Let $\alpha : I\rightarrow\mathbb{R}^{n}$ be a curve such that $\alpha (t)\neq\underline{0}$, $\forall t\in I$. Let $t_{0}$ a point such that $\alpha (t_{0})$ is as near as possible to $\underline{0}$. Suppose that $\alpha '(t_{0})\neq\underline{0}$. Prove that $\alpha (t_{0})$ is perpendicular to $\alpha ' (t_{0})$.
I though that, because of the hypotesis, $<\alpha(t_{0}),\alpha(t_{0})> = c\in\mathbb{R}-\lbrace0\rbrace$. So
$$\frac{d}{dt} <\alpha(t_{0}),\alpha ' (t_{0})> = <\alpha '(t_{0}),\alpha(t_{0})>+<\alpha (t_{0}), \alpha '(t_{0})>=2<\alpha(t_{0}),\alpha '(t_{0})> = 0$$
So, because $\alpha '(t_{0})\neq\underline{0}$ we have the assertion.
I have some doubts because I didn't use the fact that $\alpha(t_{0})$ is the most near to the origin. Can someome explain to me if I did something wrong?

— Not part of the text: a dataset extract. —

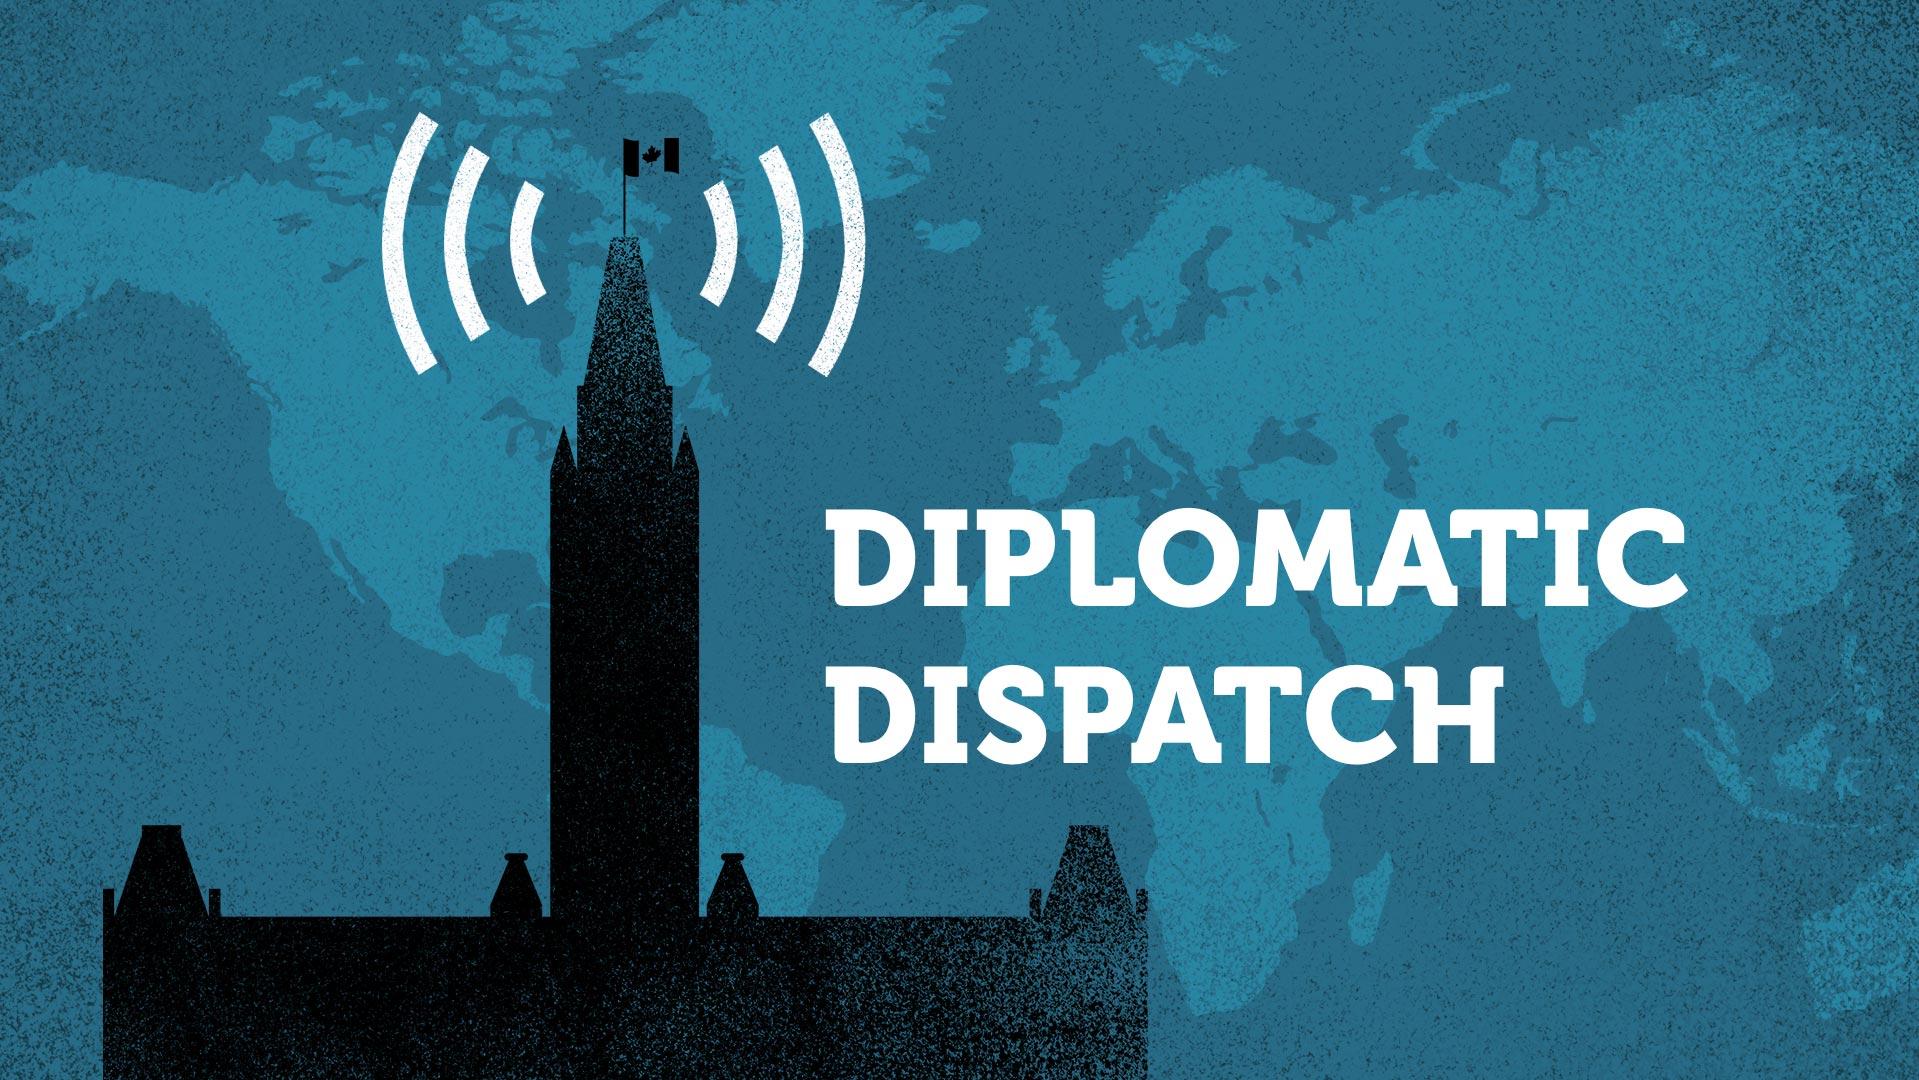 """النص """"إرسال دبلوماسي"""" باللون الأبيض يرافقه البرلمان الكندي في صورة ظلية مع خلفية خريطة كندا بظلالين من اللون الأزرق"""

Thanks before.
You are on the right track!
Define the function $|| \alpha(t) || : I \to \mathbb{R}$. Since $\alpha(t_0)$ is closest point to the origin, it means that $||\alpha(t)||$ attains its minimum at $t_0$. That implies that its derivative at $t = t_0$ is zero, i.e. $$ \frac{d}{dt} ||\alpha(t) ||^2 \; \Big|_{t = t_0} = 2 \cdot \langle \alpha(t_0), \alpha'(t_0) \rangle = 0$$ which means that $\alpha(t_0)$ and $\alpha'(t_0)$ are perpendicular.
Aside: To get the left and right brackets for inner product, use
\langleand\rangle- it makes your stuff look way better.